● EXERCISE DIRECTIONS
Write out again only the lines between the one with "Rosaliac UV Light" and the end of the records below, both ends counted, and don't include the pictures.

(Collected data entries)
++++++

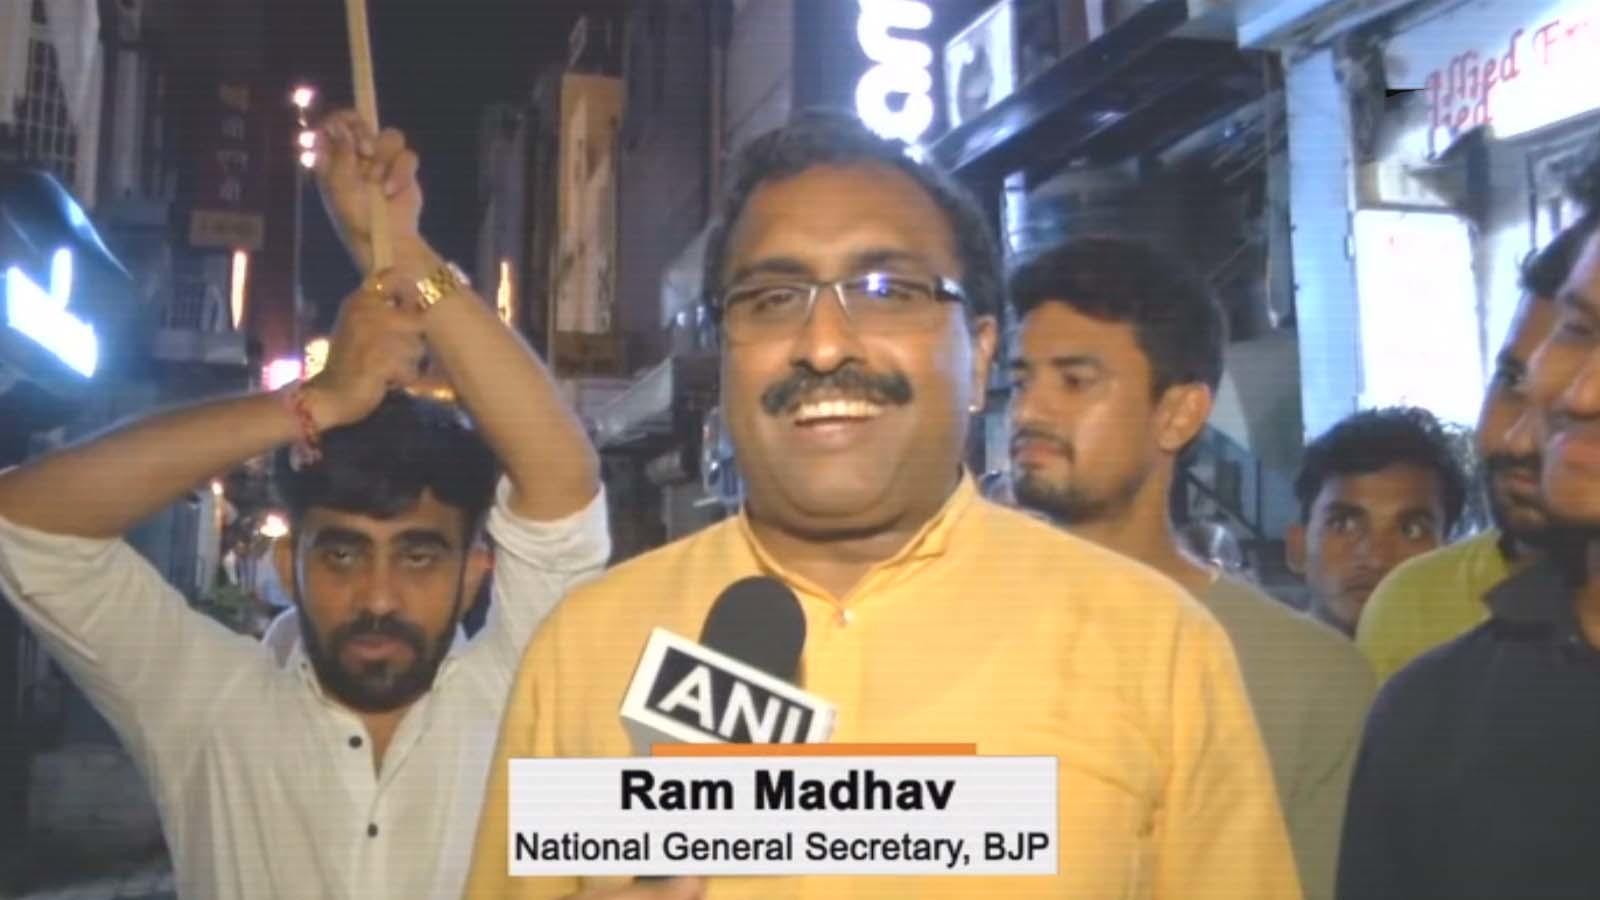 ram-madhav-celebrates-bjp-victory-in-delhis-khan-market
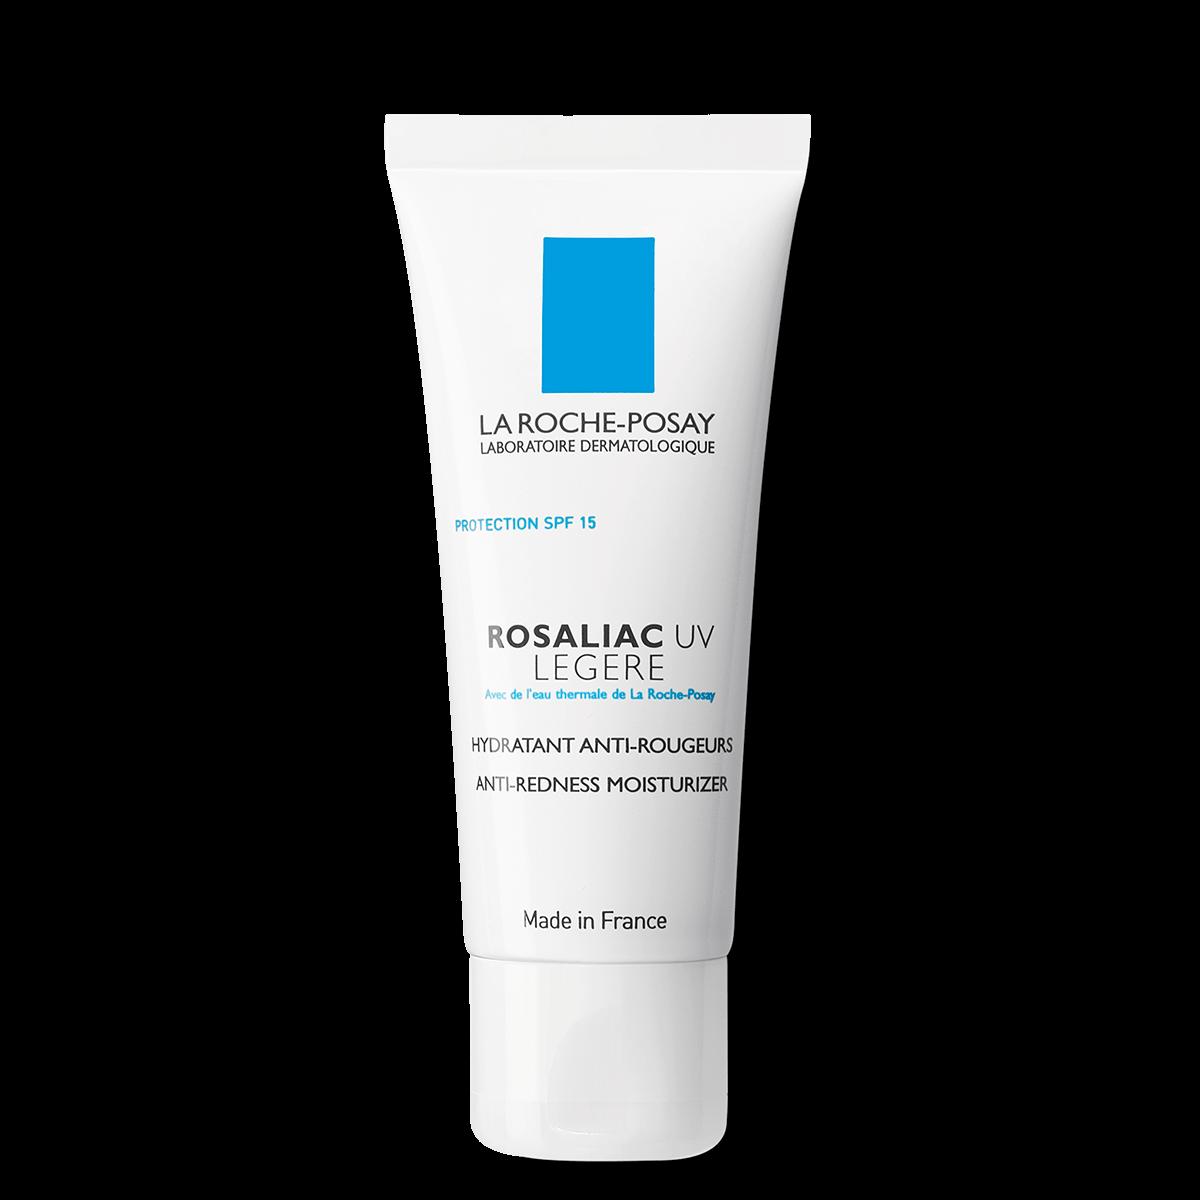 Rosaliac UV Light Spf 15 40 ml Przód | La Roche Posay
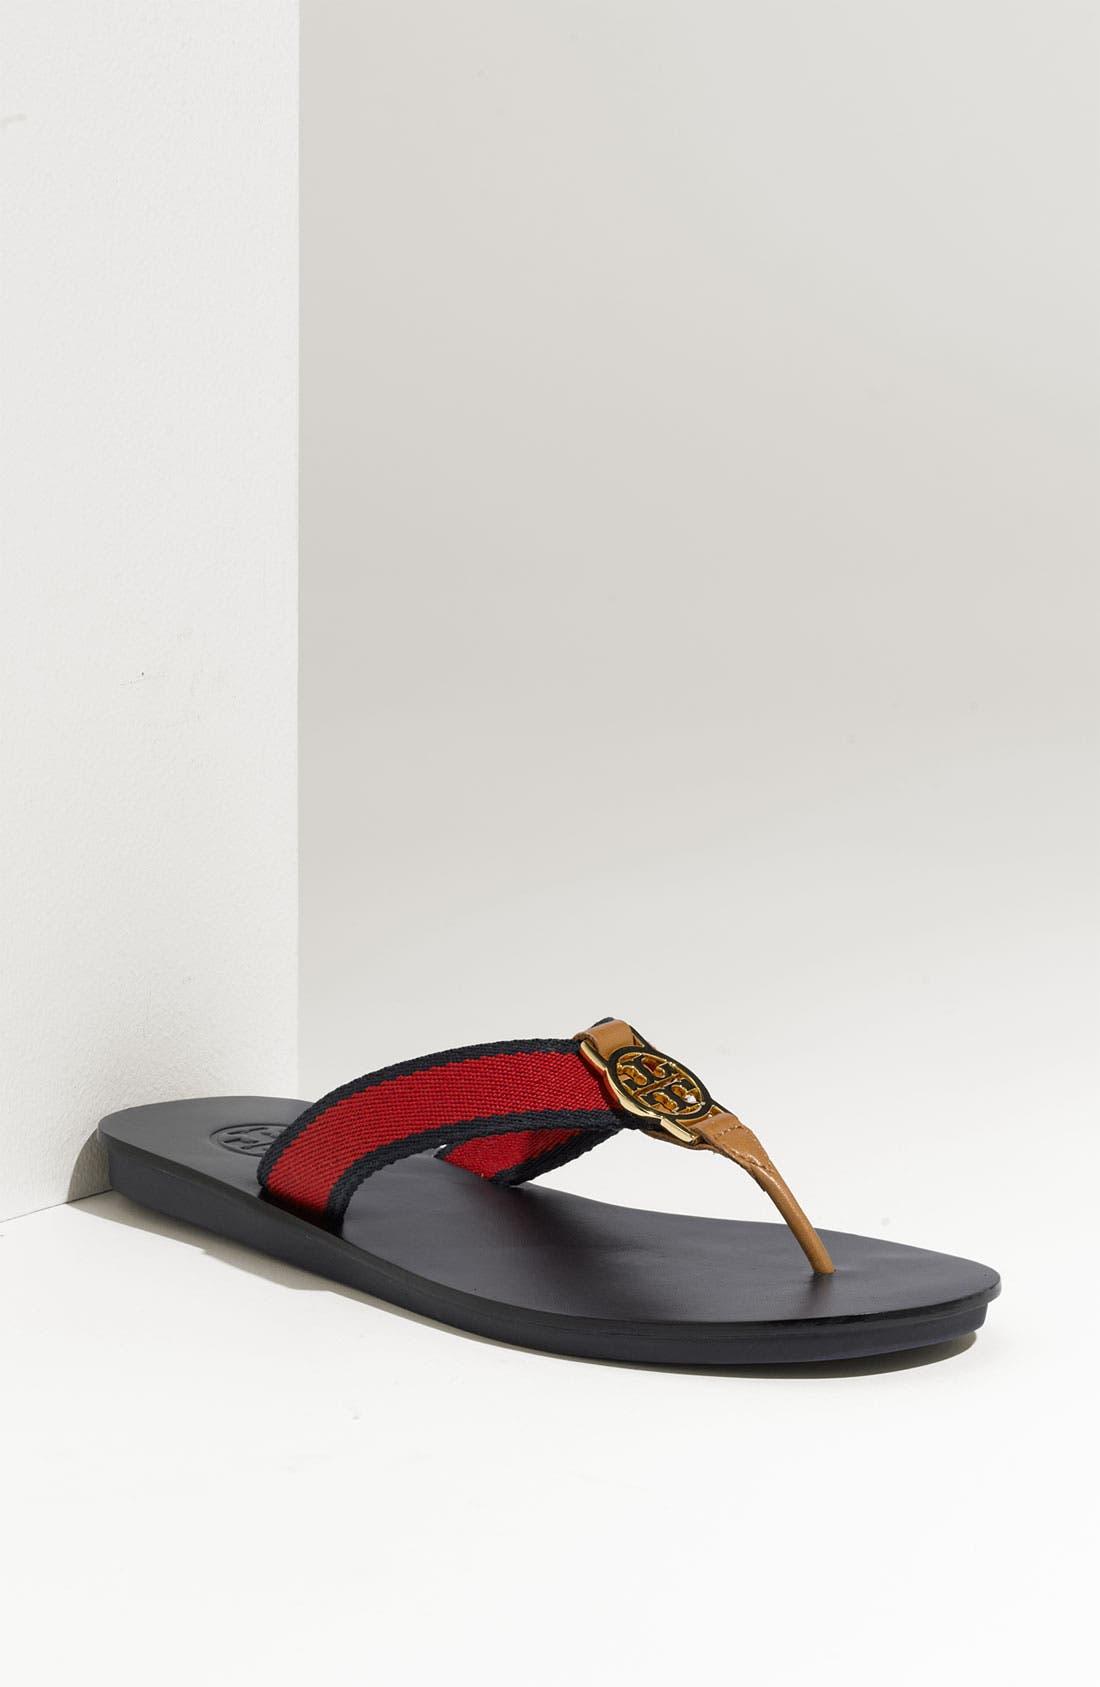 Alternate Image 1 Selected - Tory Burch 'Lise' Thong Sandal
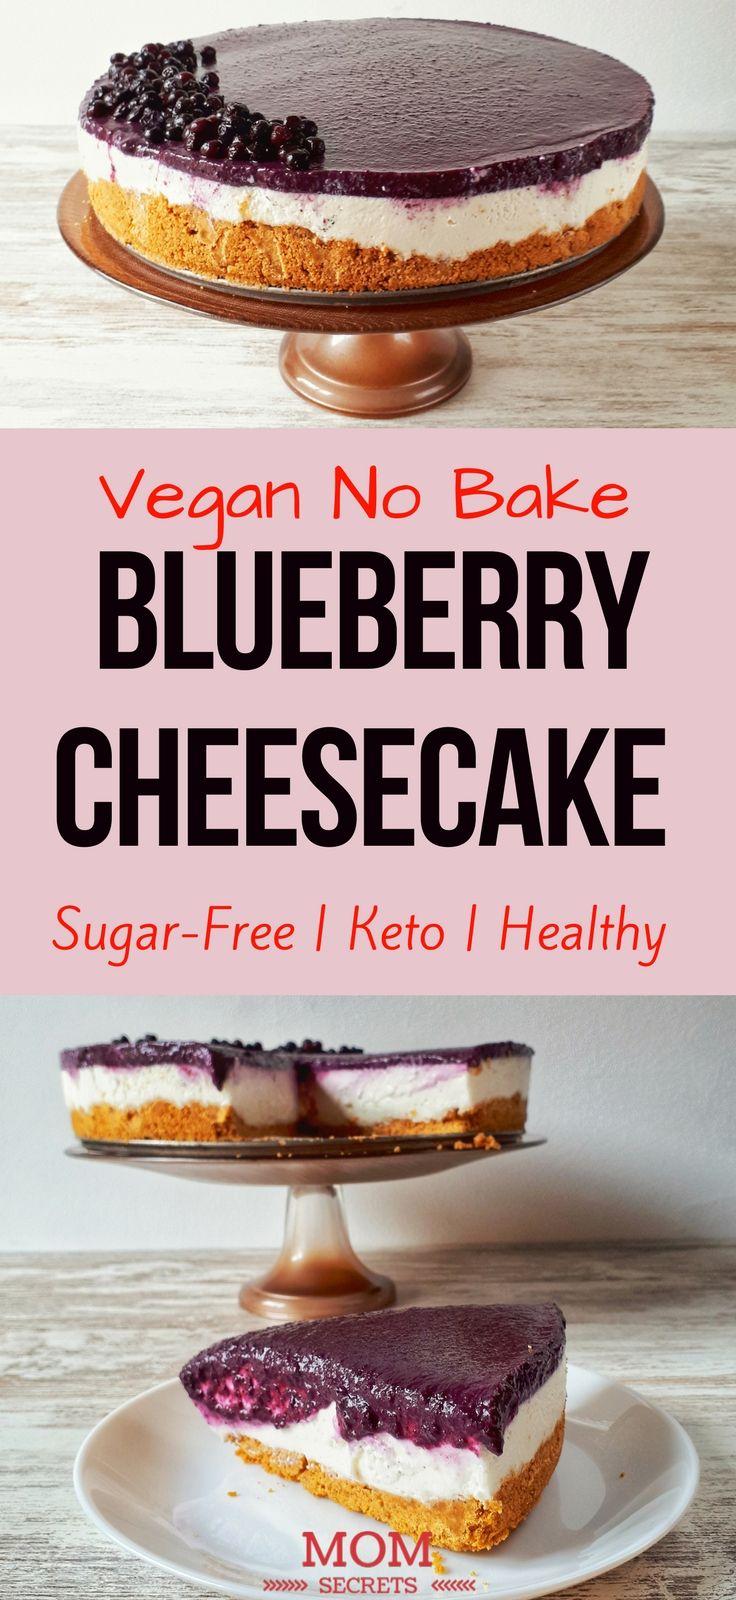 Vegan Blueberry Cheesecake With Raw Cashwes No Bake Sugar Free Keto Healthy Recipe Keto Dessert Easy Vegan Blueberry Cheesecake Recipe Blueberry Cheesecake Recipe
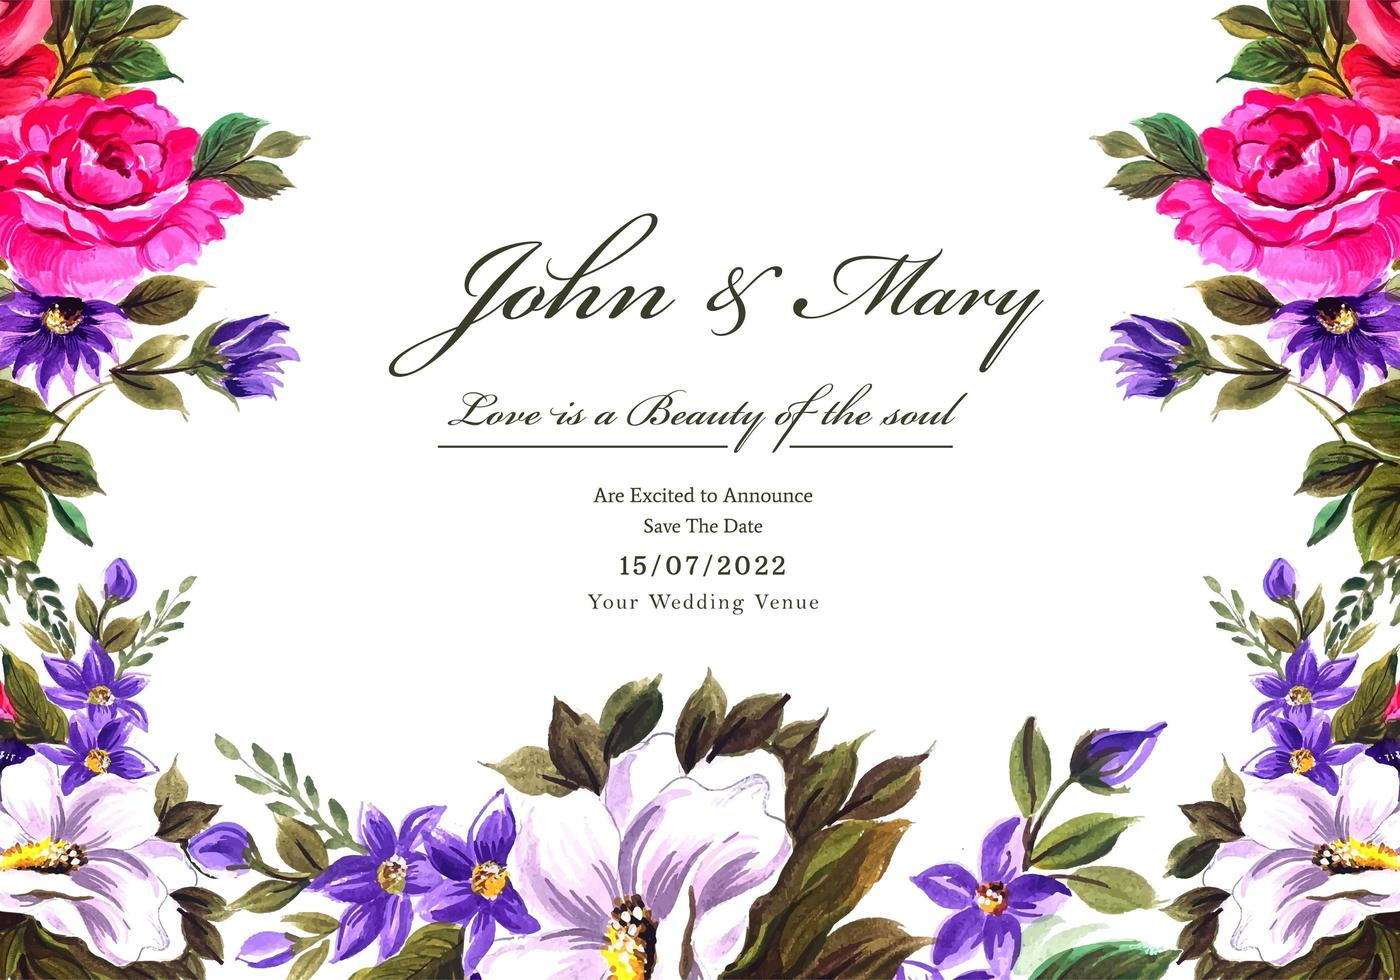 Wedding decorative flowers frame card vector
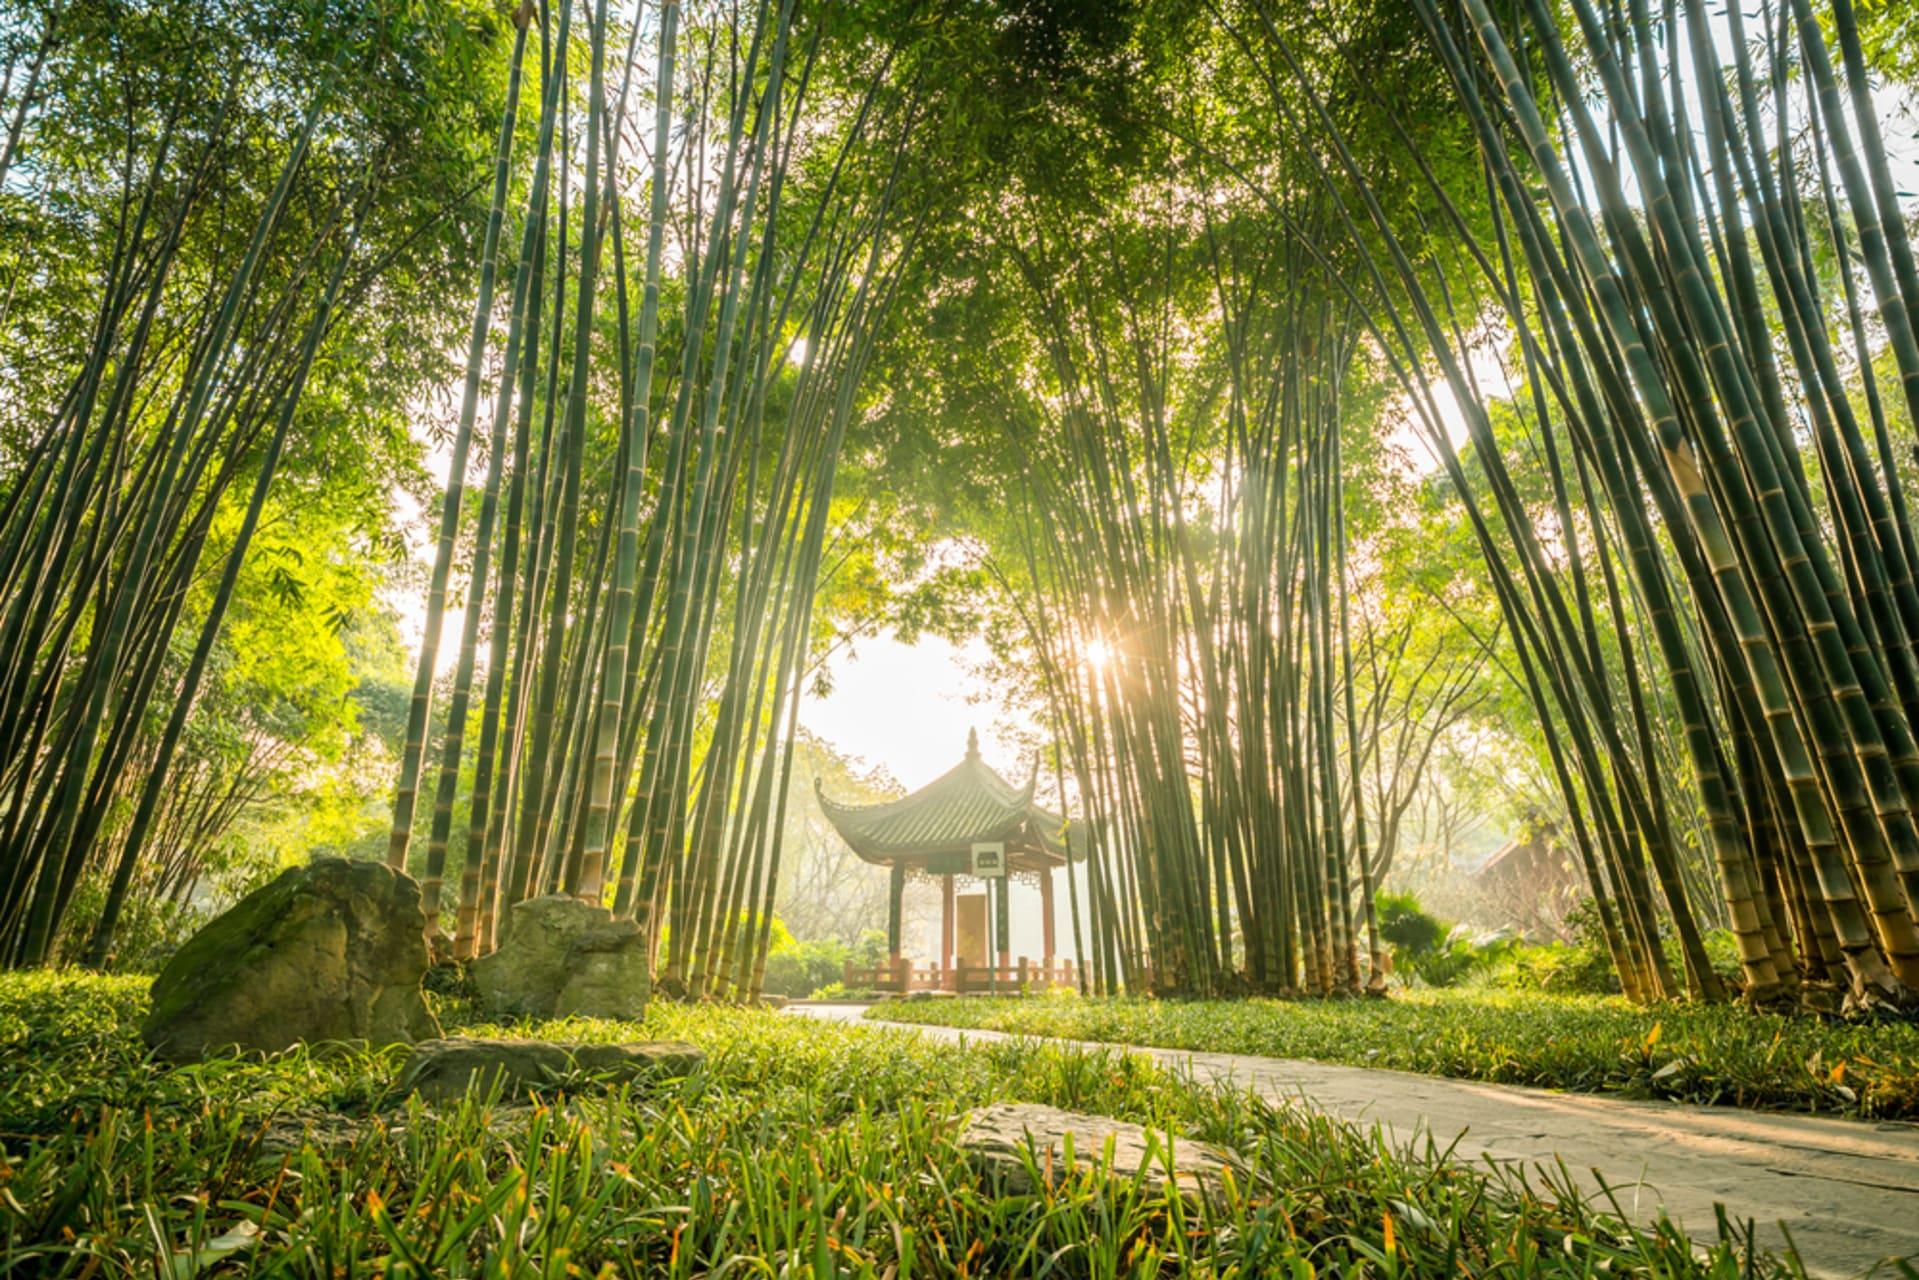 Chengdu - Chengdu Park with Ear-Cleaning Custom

++++++

● RESPONSE TO THE EXERCISE
 Rosaliac UV Light Spf 15 40 ml Przód | La Roche Posay
 Alternate Image 1 Selected - Tory Burch 'Lise' Thong Sandal
 Vegan Blueberry Cheesecake With Raw Cashwes No Bake Sugar Free Keto Healthy Recipe Keto Dessert Easy Vegan Blueberry Cheesecake Recipe Blueberry Cheesecake Recipe
 Wedding decorative flowers frame card vector
 Chengdu - Chengdu Park with Ear-Cleaning Custom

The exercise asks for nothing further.